With Emmer gone the race became wide open and nine Republicans jumped in—among them, Donalds. He was quickly endorsed by fellow Southwest Floridian, Rep. Mario Diaz-Balart (R-26-Fla.) and numerous other Republican Floridians.

As in the nine-candidate race Donalds had faced in Southwest Florida in 2020, a Trump endorsement might have made all the difference.

Trump had shown the strength of his negative voodoo but could he reclaim his past magical powers? Would he cast his spell on Donalds’ behalf? Would he raise the ambitious sophomore to Speaker?

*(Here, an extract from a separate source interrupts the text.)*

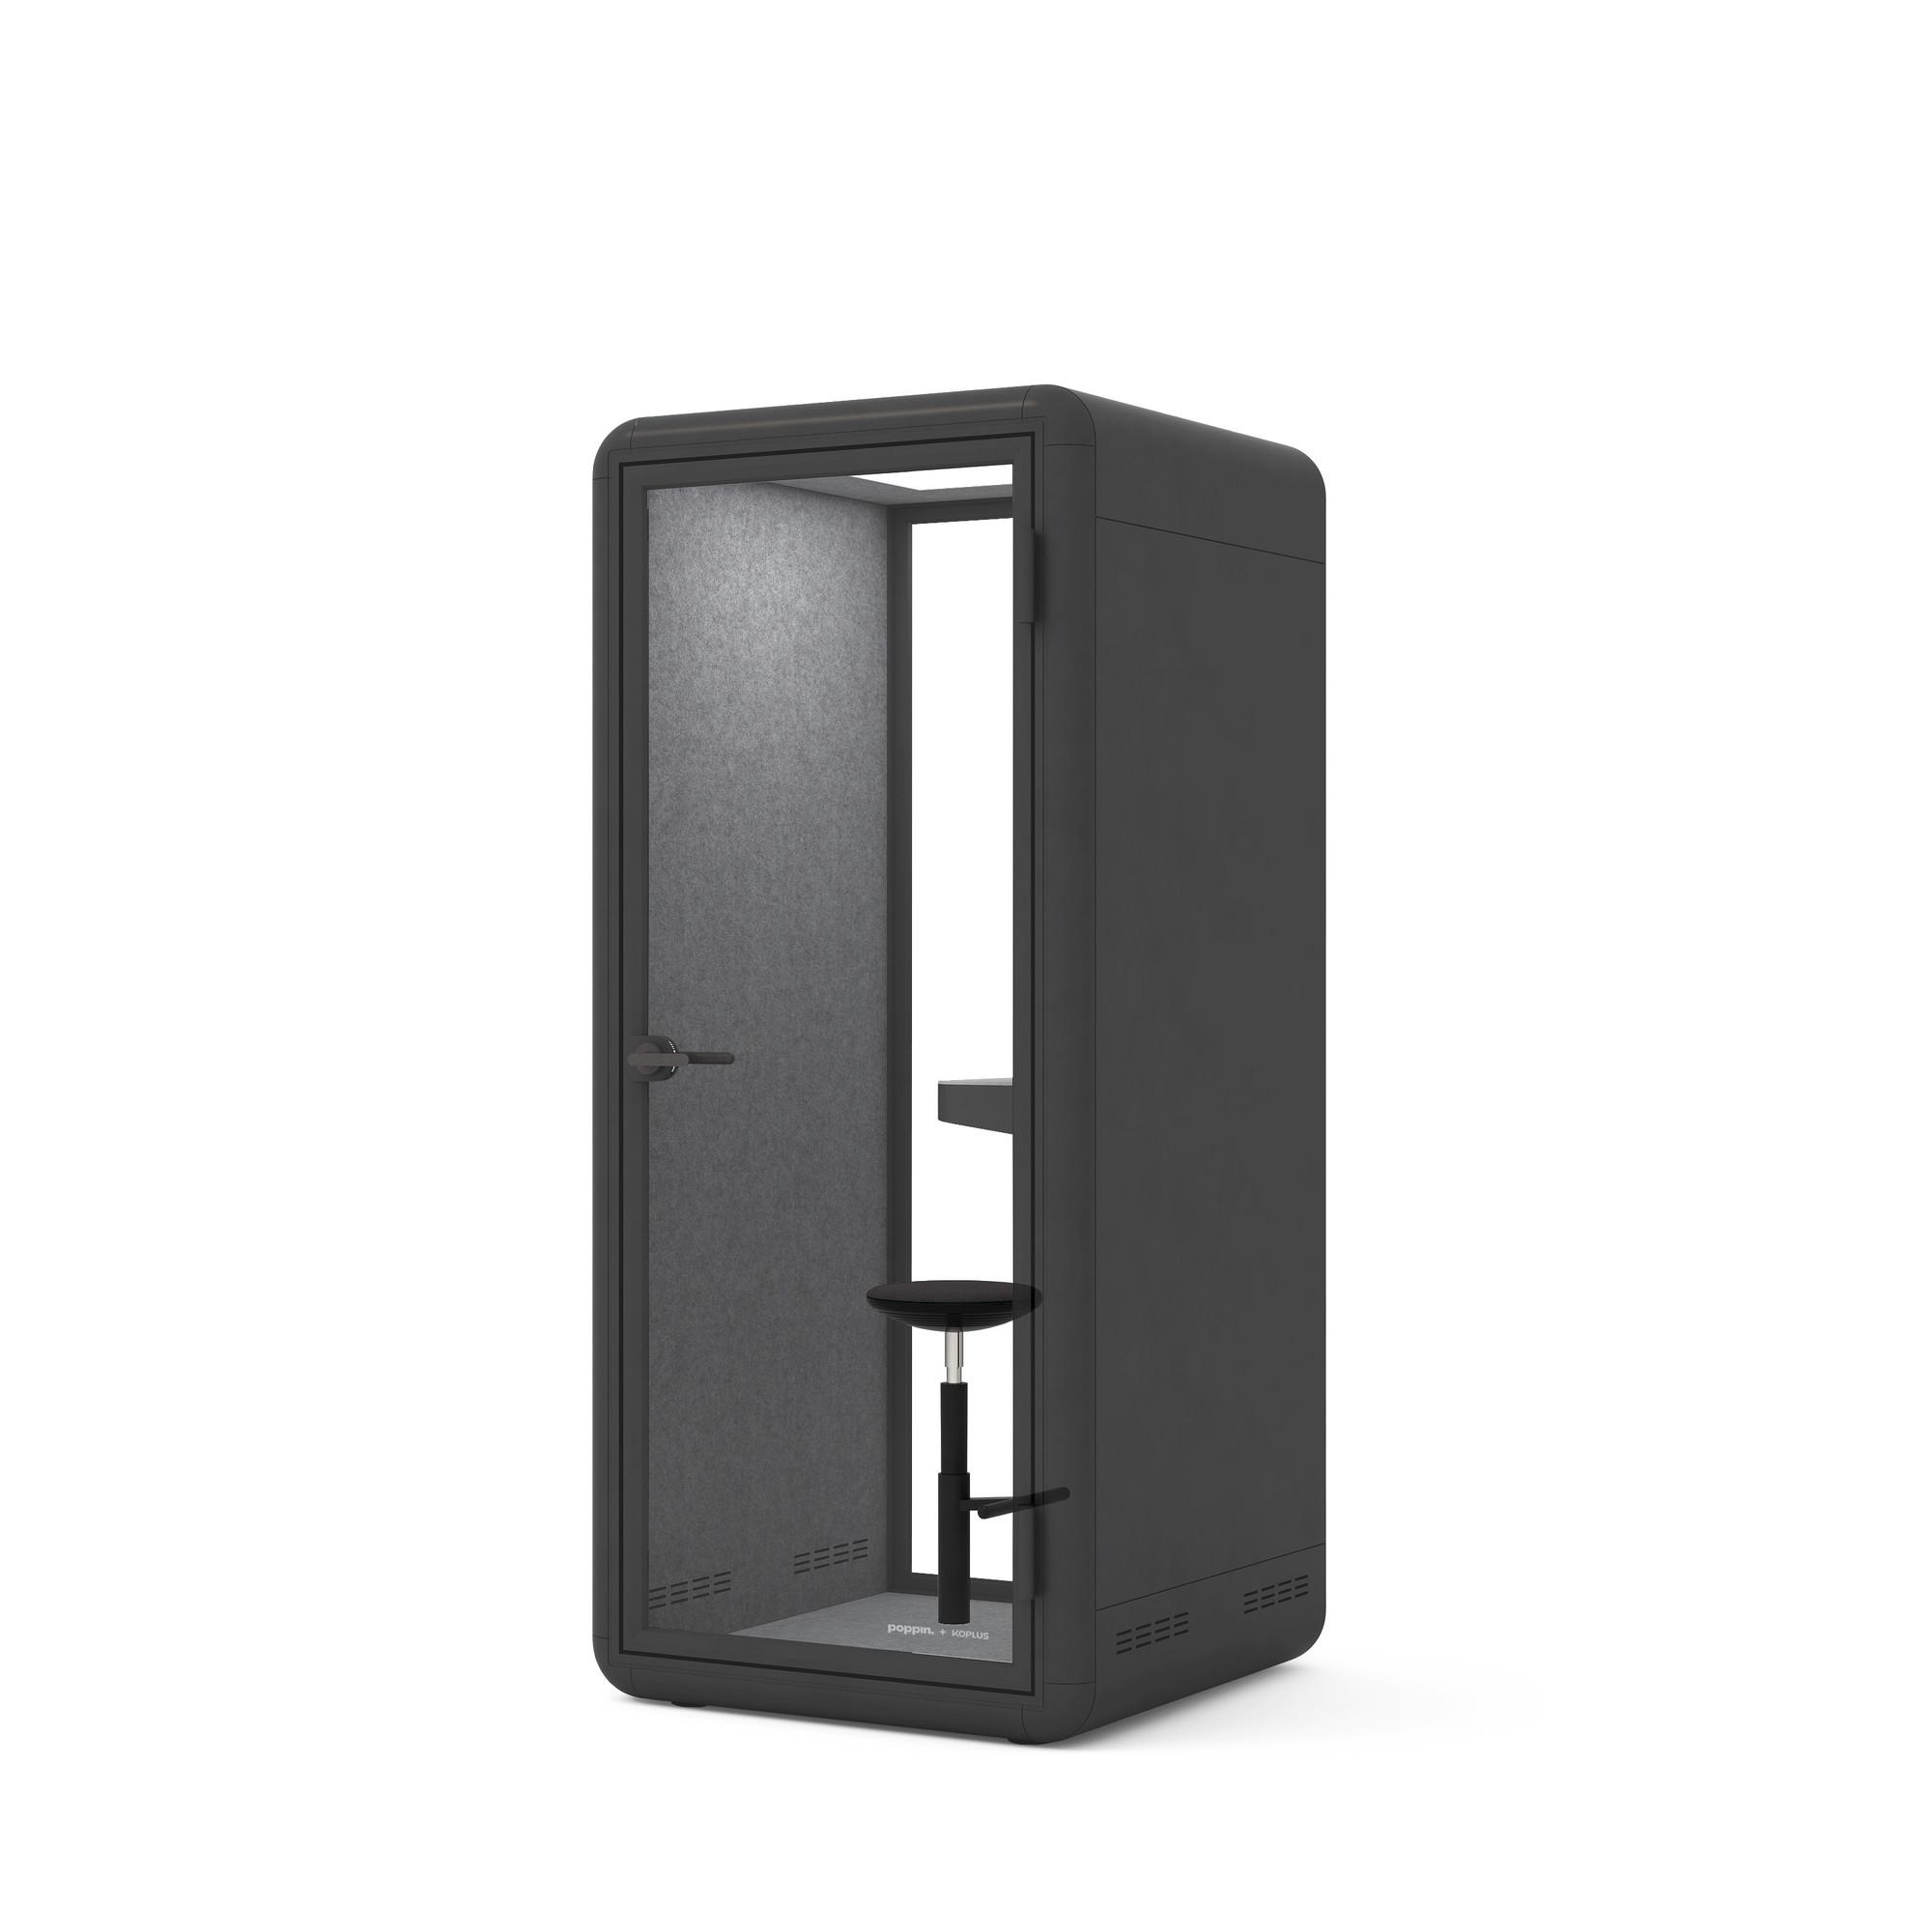 Groovy Black Poppinpod Kolo 1 With Stool Modern Office Phone Booth Poppin Frankydiablos Diy Chair Ideas Frankydiabloscom

But once again Trump chose to ignore Donalds.

“I am not going to make an Endorsement in this race, because I COULD NEVER GO AGAINST ANY OF THESE FINE AND VERY TALENTED MEN, all of whom have supported me, in both mind and spirit, from the very beginning of our GREAT 2016 Victory. My strong SUGGESTION is to go with the leading candidate, Mike Johnson,” he posted on Truth Social on Wednesday morning, Oct. 25.

Finally, Rep. Mike Johnson (R-4-La.) received enough votes to become Speaker. His ideas might be those of Trump and MAGA world, but his behavior was that of a country club Republican—and much more acceptable to the caucus.

All Southwest Florida Republican congressmen voted for Johnson, including Donalds.

The big question

At every inflection point, when his endorsement could have made a significant difference in Rep. Byron Donalds’ political career, former President Donald Trump has chosen to ignore, overlook and disregard his faithfully loyal, utterly obedient, slavishly adoring acolyte from Florida’s Gulf coast. On this, at least, he has shown a most unusual consistency.


Why does Donald Trump consistently ignore Byron Donalds? Why does Donald Trump refuse to support Byron Donalds as he seeks to rise up the hierarchy of the Republican congressional caucus? Why does Donald Trump never publicly reward Donalds’ extravagant expressions of fealty? Why is Donald Trump always absent at the critical moments when Byron Donalds needs him most? And why does Donald Trump look Byron Donalds in the face but never seem to see him?

Until Donald Trump provides an explanation, the public can only wonder—and guess.